Nas décadas de 1960 e 1970, todo longa-metragem exibido nos cinemas brasileiros era precedido de um cinejornal. O mais famoso deles, o Canal 100, tinha como grande atração, ao final de cada edição, a apresentação de uma importante partida de futebol recente. Em tomadas antológicas, mostrava as reações de tristeza e alegria dos torcedores que, nas manifestações de júbilo, invariavelmente, exibiam sorrisos desdentados, provocando gargalhadas na plateia. Era o retrato de uma nação que se revelava um país de desdentados. Embora a redução da prevalência e severidade da cárie tenha sido progressiva e significativa, graças à fluoretação da água e ampliação dos procedimentos coletivos pelo SUS, sua maior ocorrência se manifesta ainda em camadas sociais e regiões menos favorecidas economicamente.

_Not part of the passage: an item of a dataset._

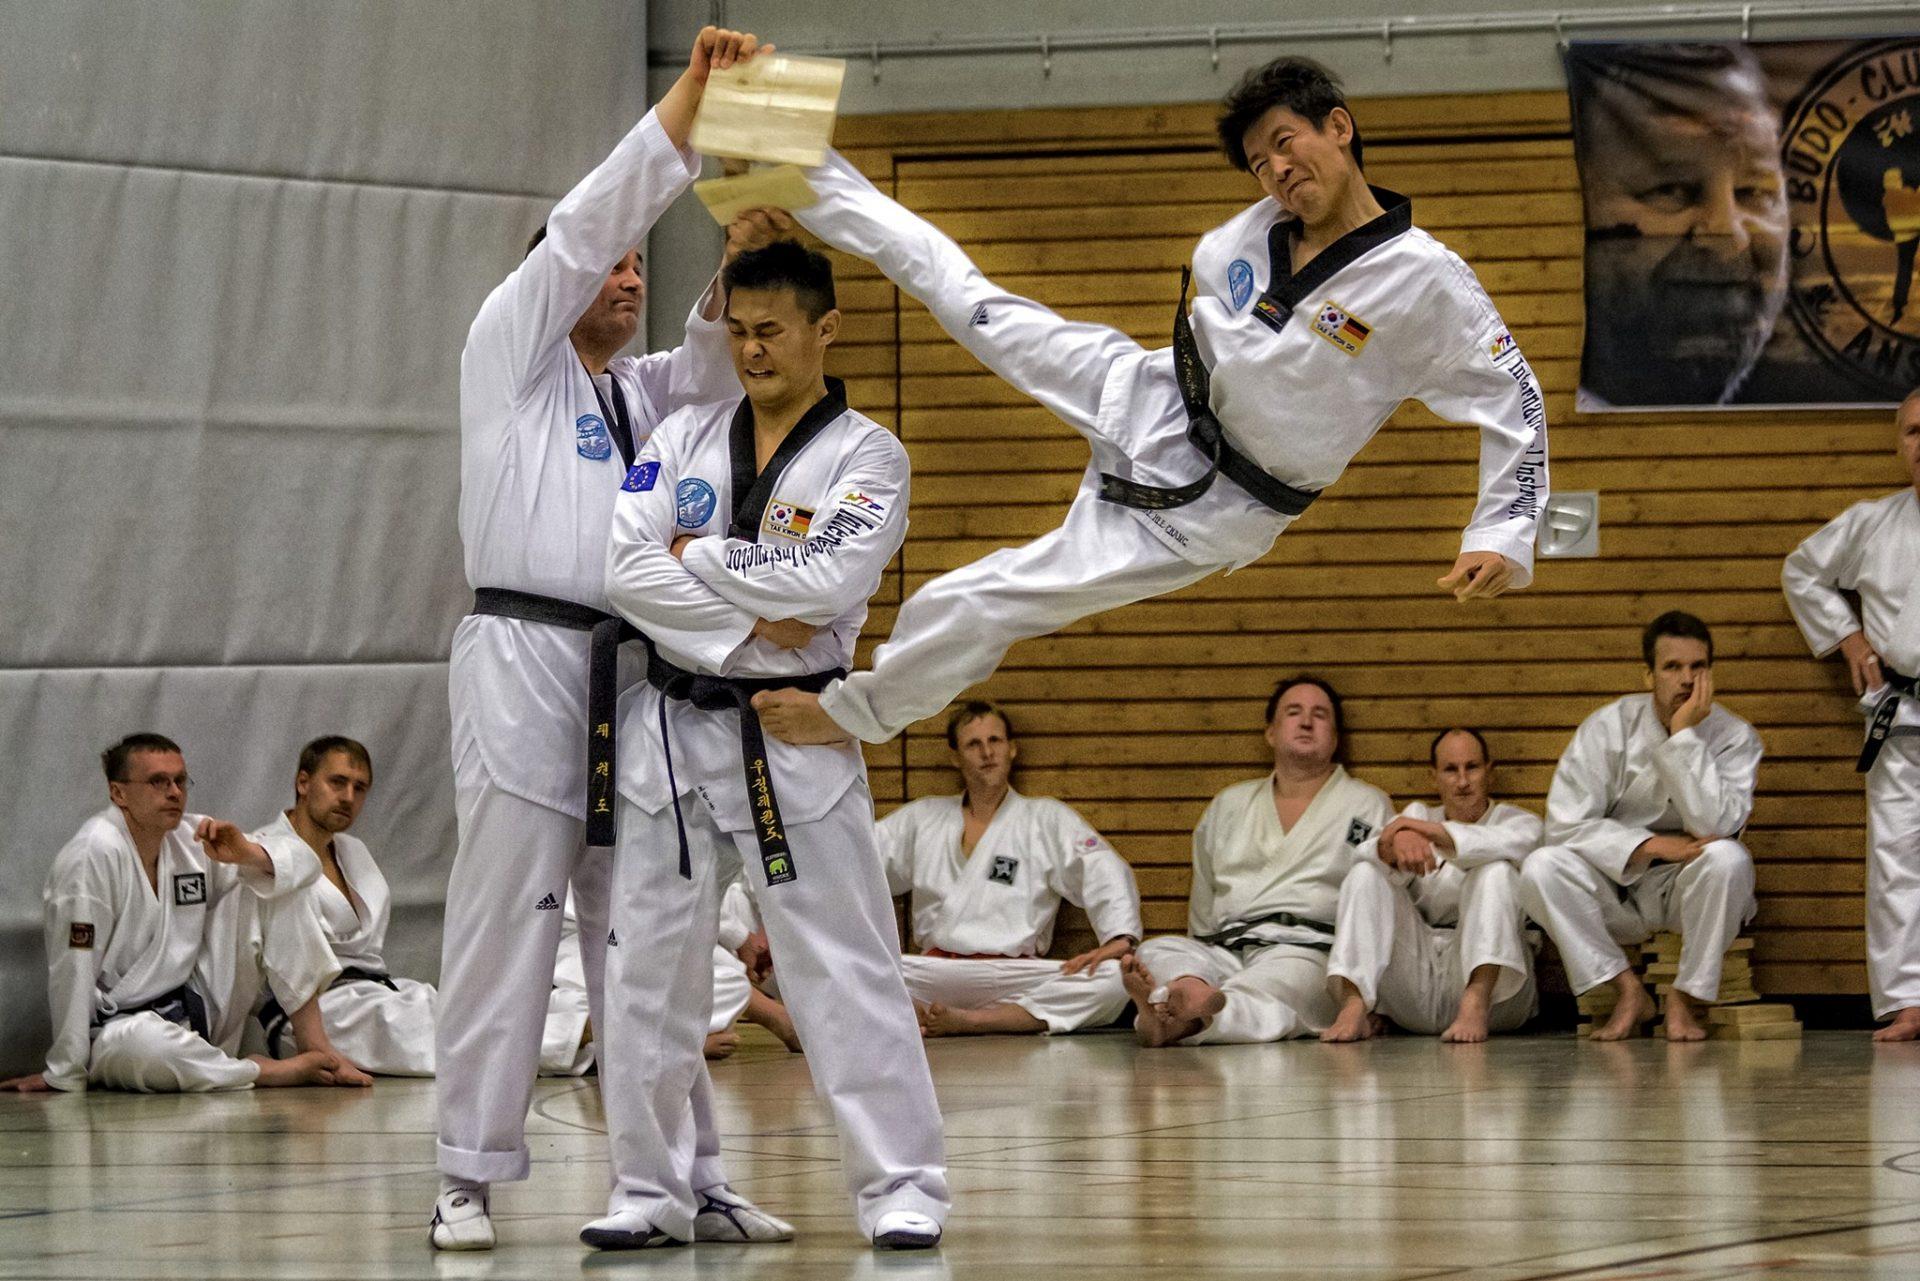 Sportfotografie - Kampfsport

Para minorar determinados problemas dentários desse público que dificilmente teria acesso ao tratamento dentário convencional, tem sido empregado, em algumas lesões da cárie, o ART (Tratamento Restaurador Atraumático) – Atraumatic Restorative Treatment, em inglês. O atendimento – que se dá em locais onde não é possível o atendimento odontológico padrão por razões como falta de energia elétrica ou de difícil acesso – não utiliza instrumentos rotatórios, nem anestesia.

Em uma escola, por exemplo, as crianças podem ser assistidas deitadas sobre uma mesa com a cabeça apoiada em uma almofada para maior conforto. Junto a ela são dispostos os instrumentos, materiais e produtos utilizados nas restaurações, transportados pelo dentista em uma maleta multibox. Como pano de fundo, invariavelmente, uma lousa denuncia o consultório improvisado em sala de aula.

Em pesquisa desenvolvida na Faculdade de Odontologia de Piracicaba (FOP), orientada pela professora Maria da Luz Rosario de Sousa, a dentista Cristina Gibilini avaliou o potencial deste tipo de tratamento com vistas à sua ampliação no atendimento à população infantil de escolas públicas. Os resultados do estudo mostram que o ART melhora a condição oral e atenua o risco de cárie dessas populações.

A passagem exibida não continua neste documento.